### Problem to work on
Without the images, write out the whole listing exactly.

### Dataset extract
==*==

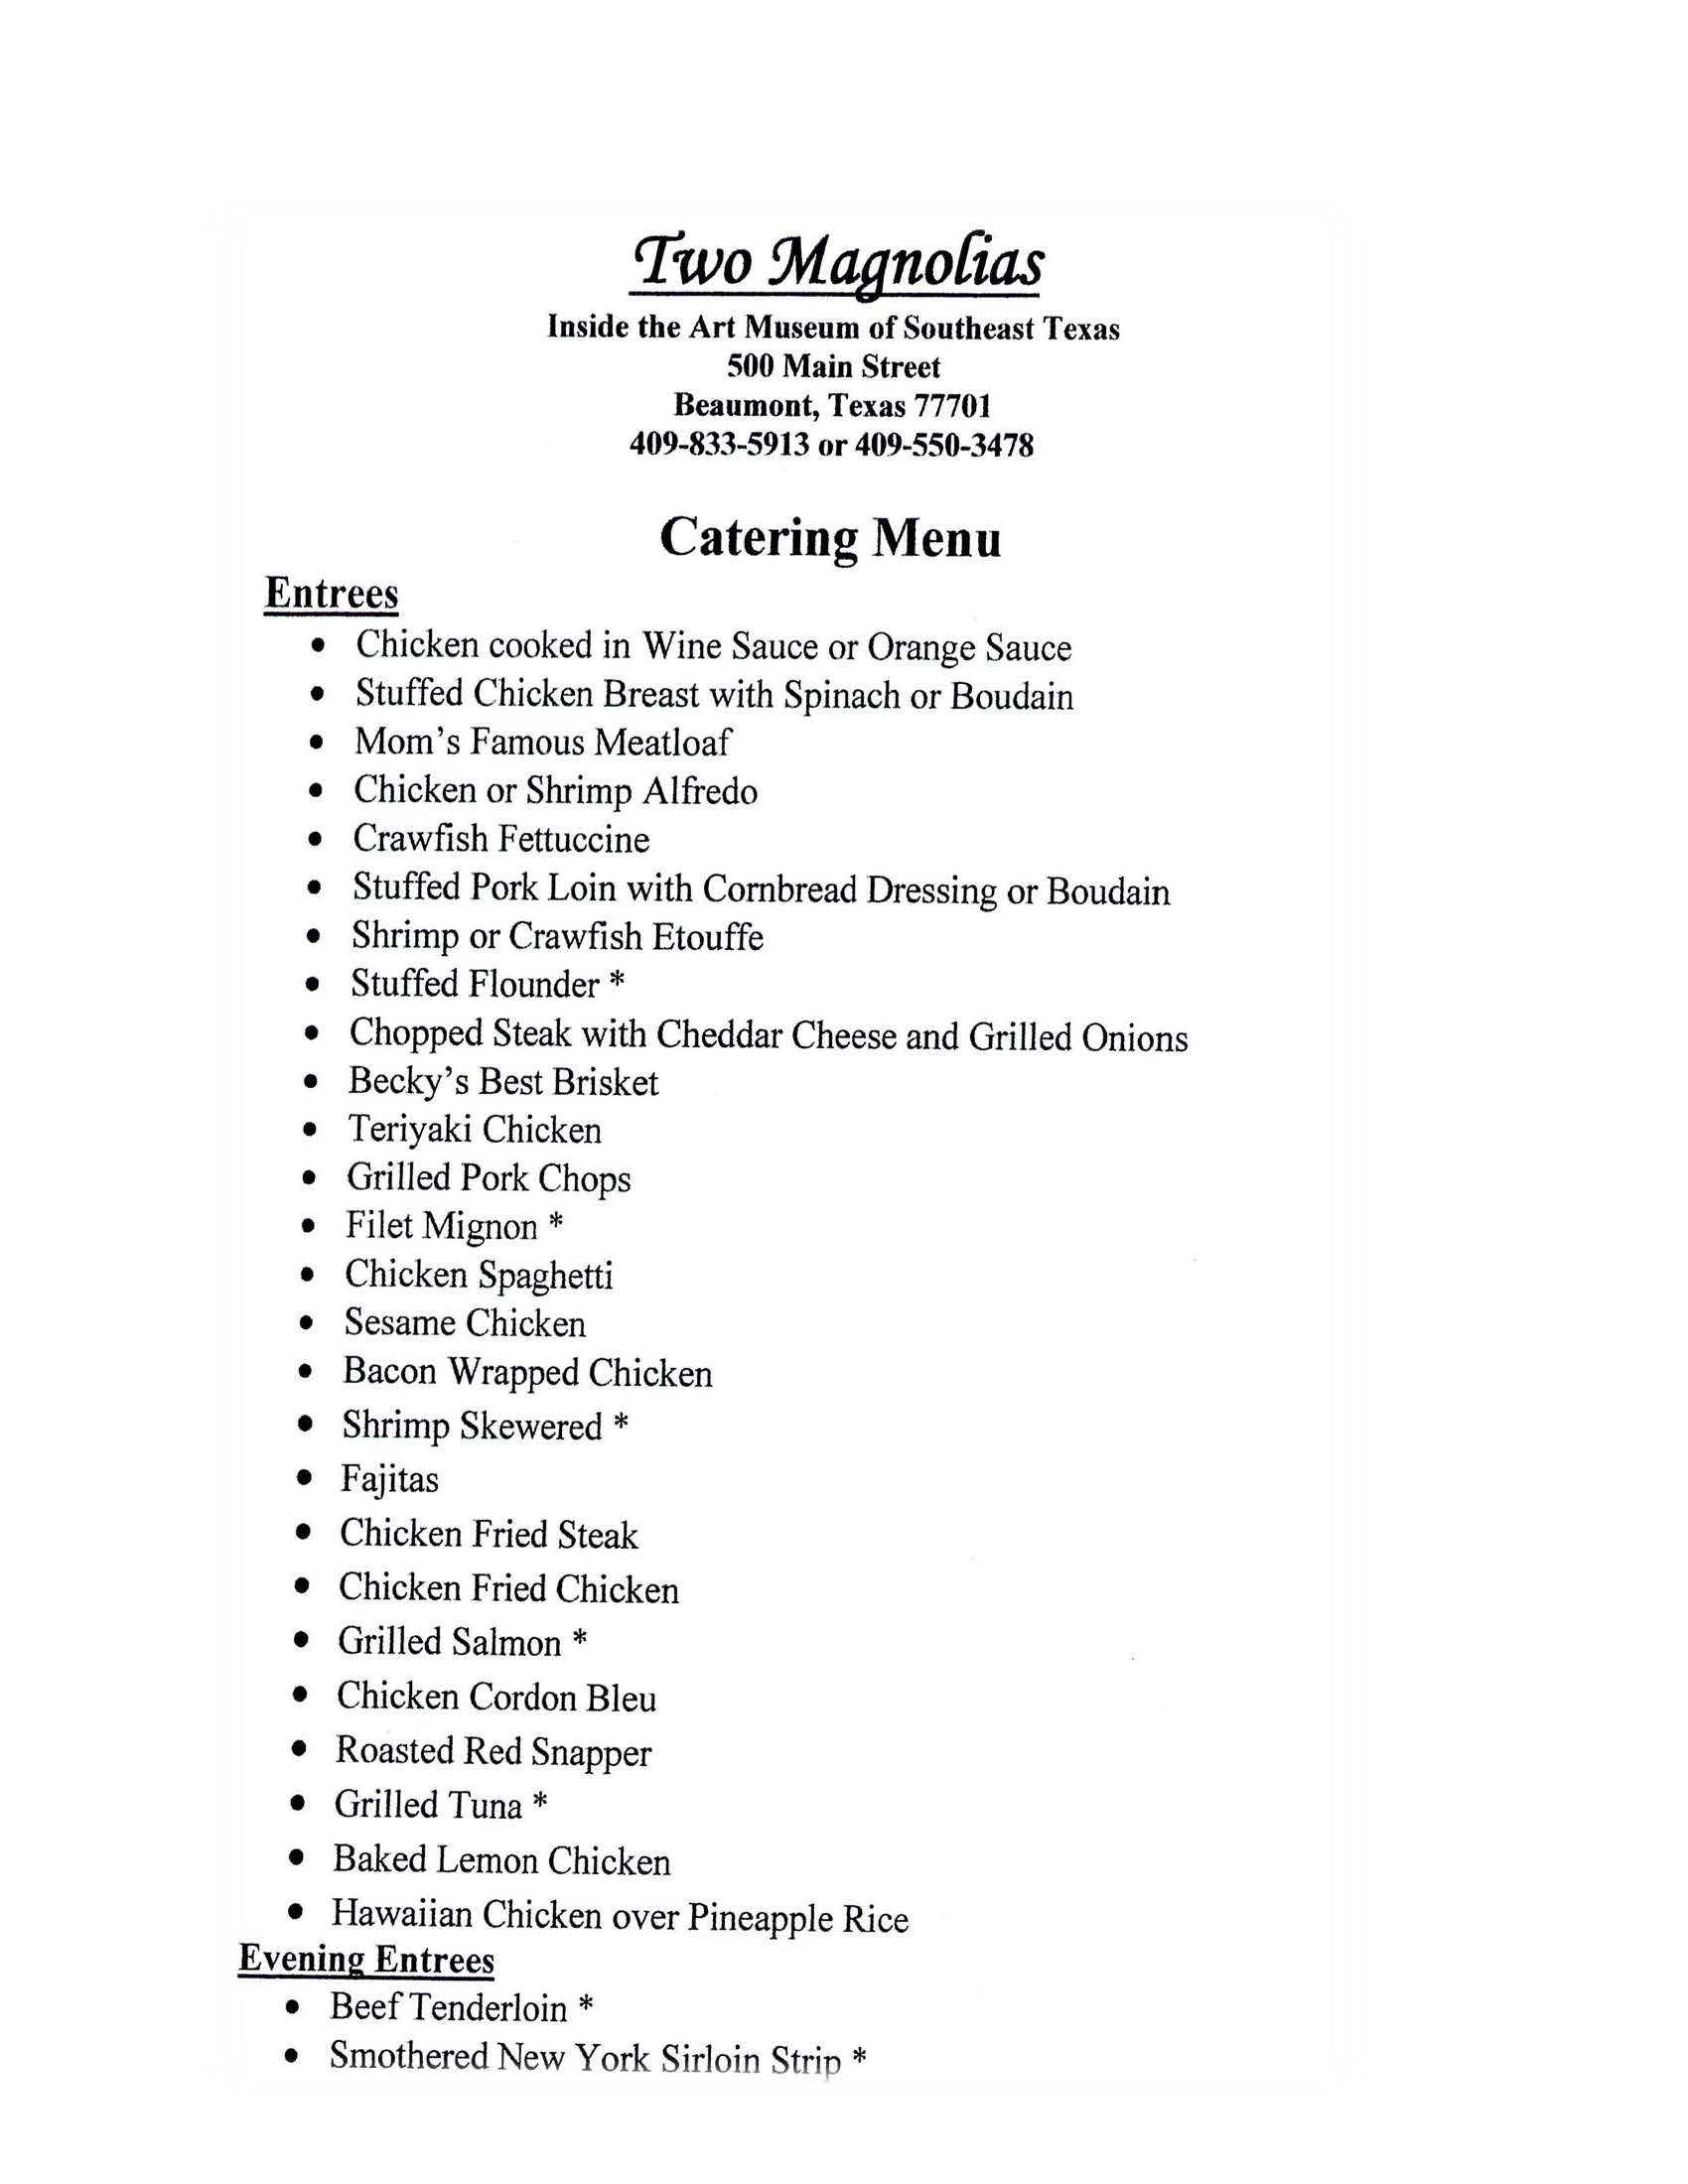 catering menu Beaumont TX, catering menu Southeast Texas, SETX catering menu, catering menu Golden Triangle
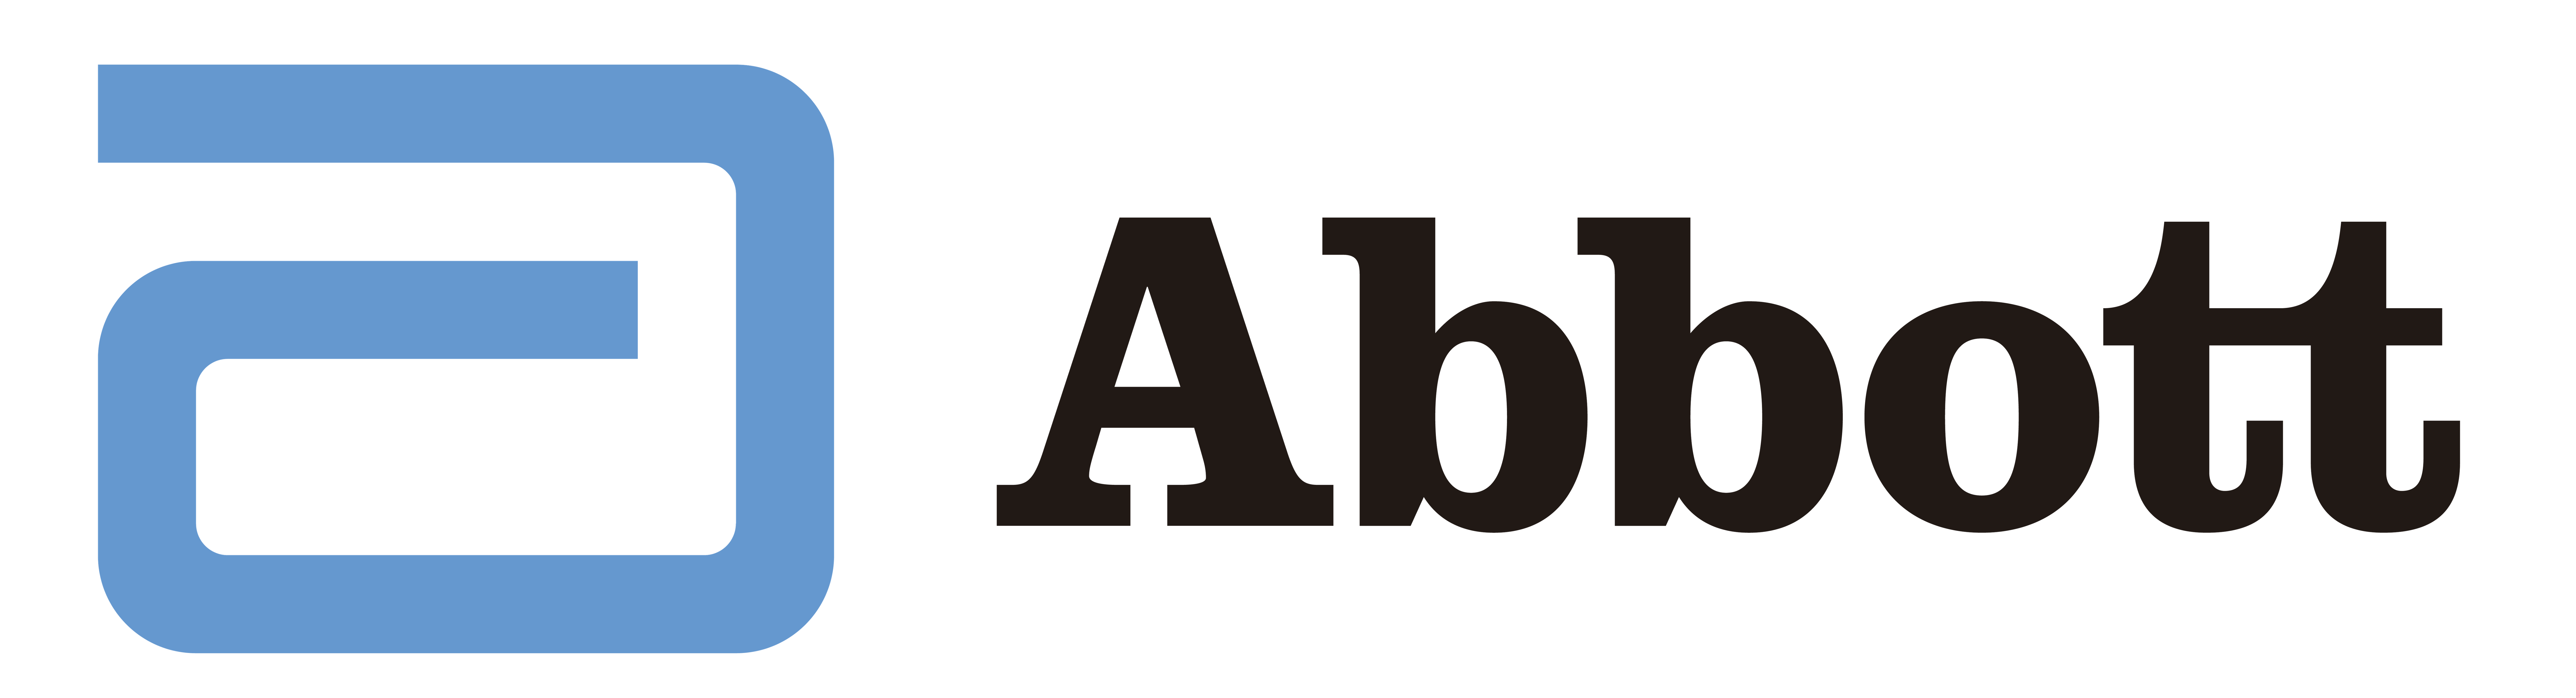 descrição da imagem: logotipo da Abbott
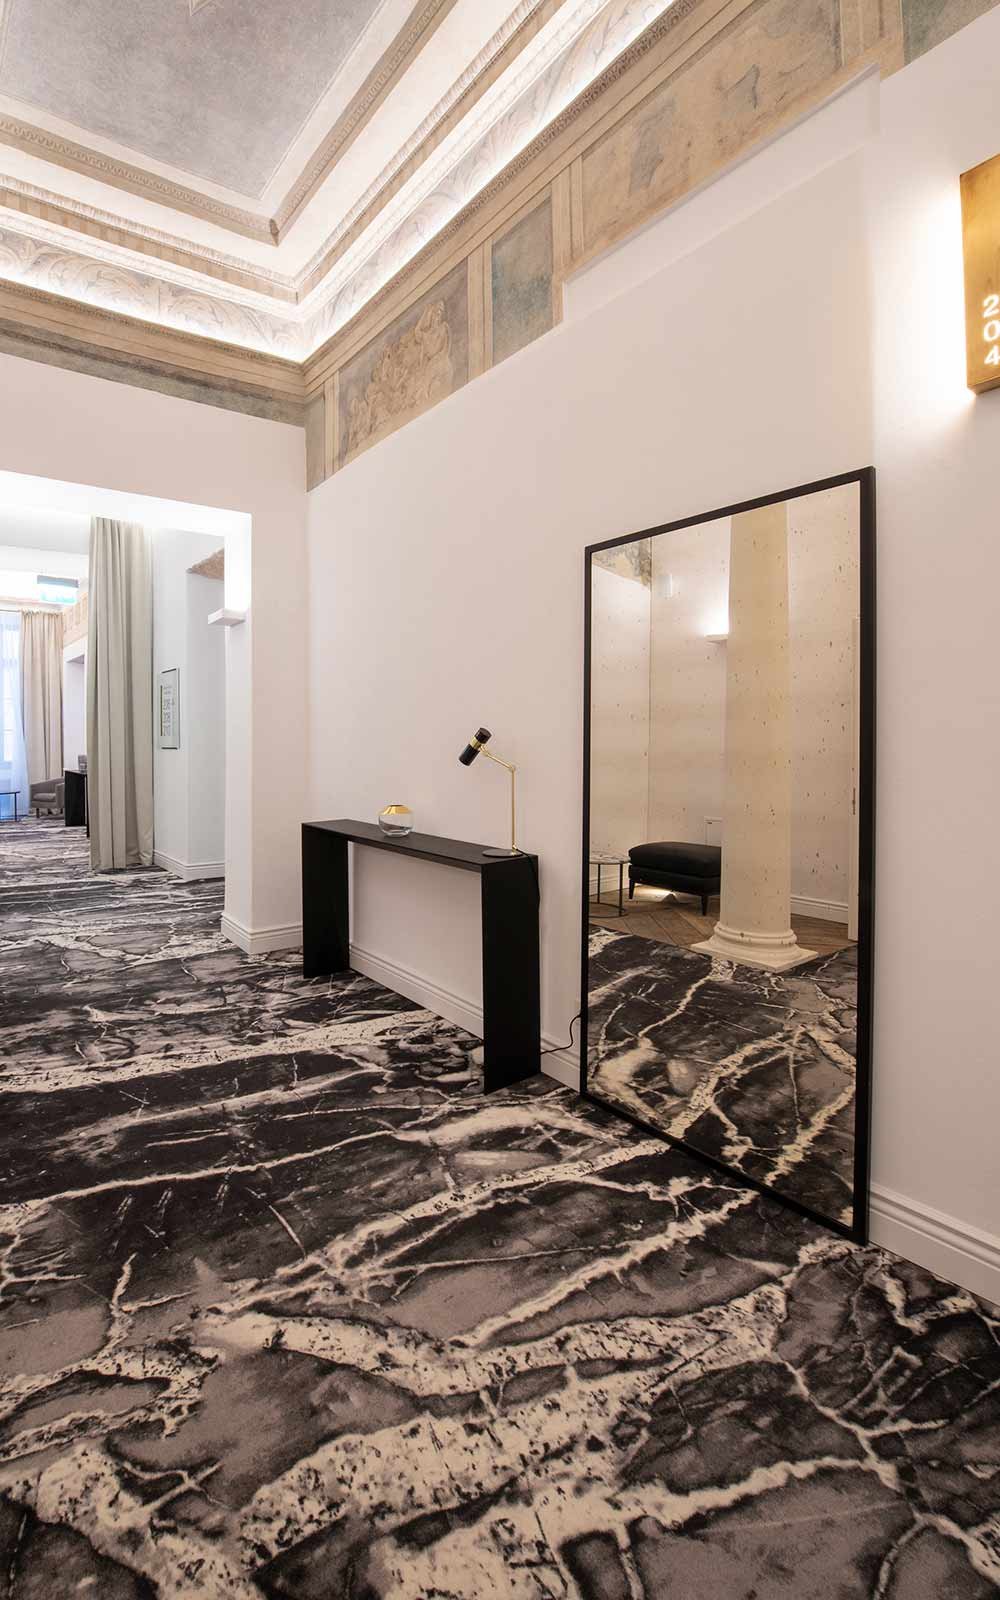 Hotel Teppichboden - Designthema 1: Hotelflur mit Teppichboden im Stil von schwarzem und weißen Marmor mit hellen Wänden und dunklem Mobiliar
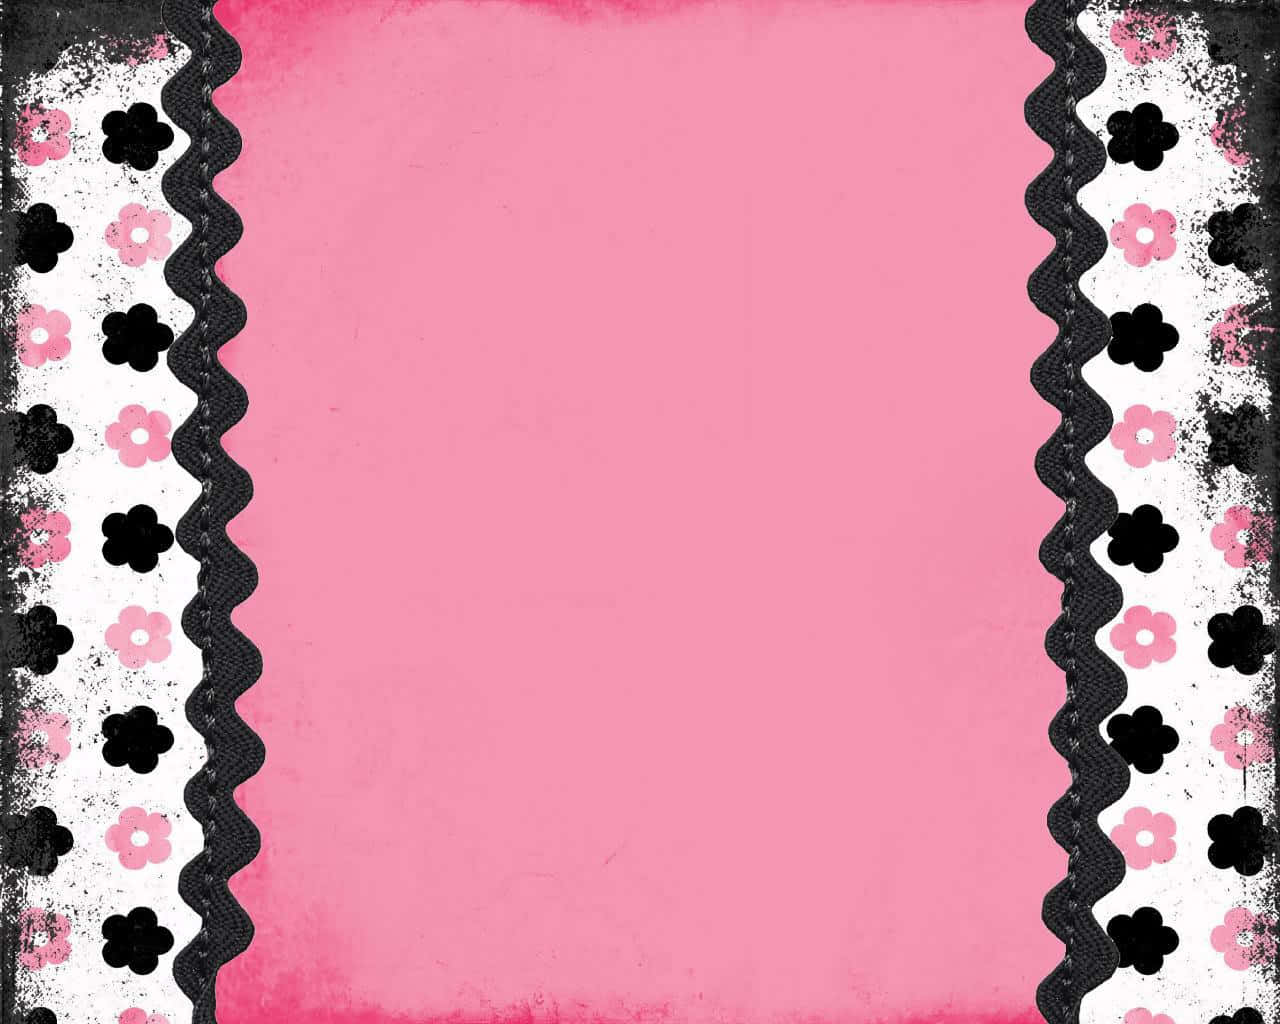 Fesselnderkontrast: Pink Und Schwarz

==*==

### Written solution
 catering menu Beaumont TX, catering menu Southeast Texas, SETX catering menu, catering menu Golden Triangle
 descrição da imagem: logotipo da Abbott
 Hotel Teppichboden - Designthema 1: Hotelflur mit Teppichboden im Stil von schwarzem und weißen Marmor mit hellen Wänden und dunklem Mobiliar
 Fesselnderkontrast: Pink Und Schwarz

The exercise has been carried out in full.